Well, this still doesn't make any real sense to me; it seems
equivalent to the attempts at bayes poison that spammers stick into
their spams: a bunch of words totally unrelated to the mail in the
hopes of outweighing the useful terms. Now their trick works as a
good spam indication because the words they pick aren't common to
my ham mails, so it is really a good spam indication rather than
poison. I'm not immediately convinced that will hold for the usage
you intend. Maybe. Maybe not.
However, if you want to do this, remember that bayes works on
tokens and has a tokenizer. So SOME_RULE=YES is probably either
two or three tokens, and you will end up scoring on the probability
of YES and NO, along with the frequency of the rule names, which
will be 1. So you probably want to do NO_SOME_RULE and
YES_OTHER_RULE or the like when you build the insert list. Again
though I'm not sure I see the point in the yes and no factors; the
presence or absense of a word in the mail seems like a pretty good
yes/no indication to me.
Were I doing it I'd try it both ways and see if there is any
difference in results.
I agree with you that it's probably not going to be very effective to
use a binary token (eg: SOME_RULE=YES vs SOME_RULE=NO) compared to
the presence of the rule (SOME_RULE exists implies SOME_RULE=YES).
So the method:
$list = $status->get_names_of_tests_hit ()

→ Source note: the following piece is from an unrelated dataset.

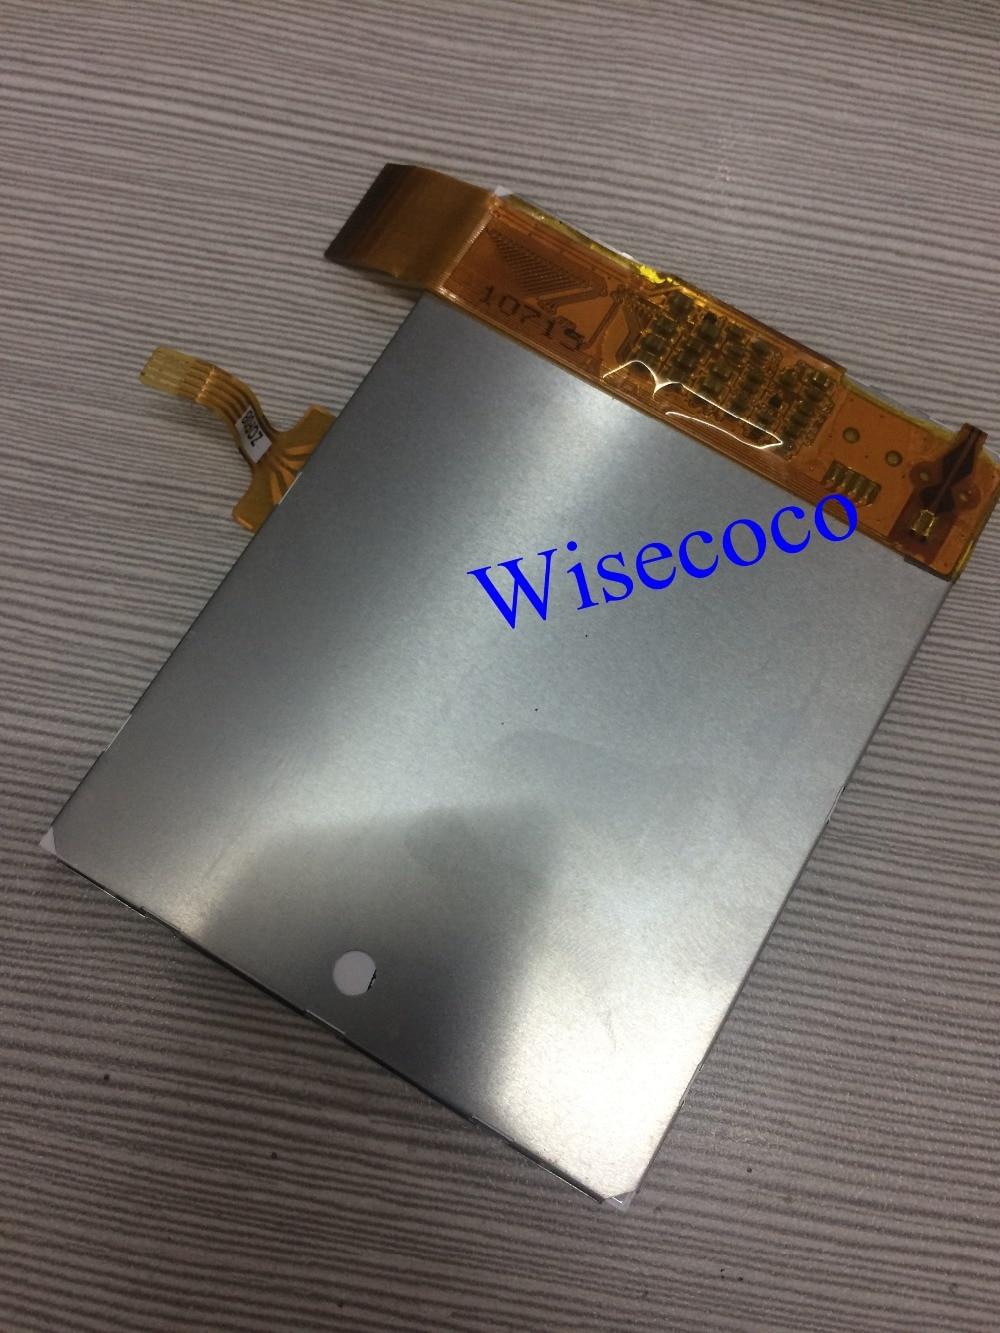 3.5 pollice NL4864HL11-02A LCD modulo display dello schermo con touch screen digitizer vetro, scanner di codici a barre LCD3.5 pollice NL4864HL11-02A LCD modulo display dello schermo con touch screen digitizer vetro, scanner di codici a barre LCD

may cover everything that is required to evaluate this approach.
Unfortunately I'm not on the SpamAssassin Bayes modules -- I wrote my
own Bayes Engine because I wanted to do that and then thought about
including the Rules results from SpamAssassin. I don't know where
this might be going, but it seems to be working extremely well for me
based on a training set of just a couple hundred emails in total.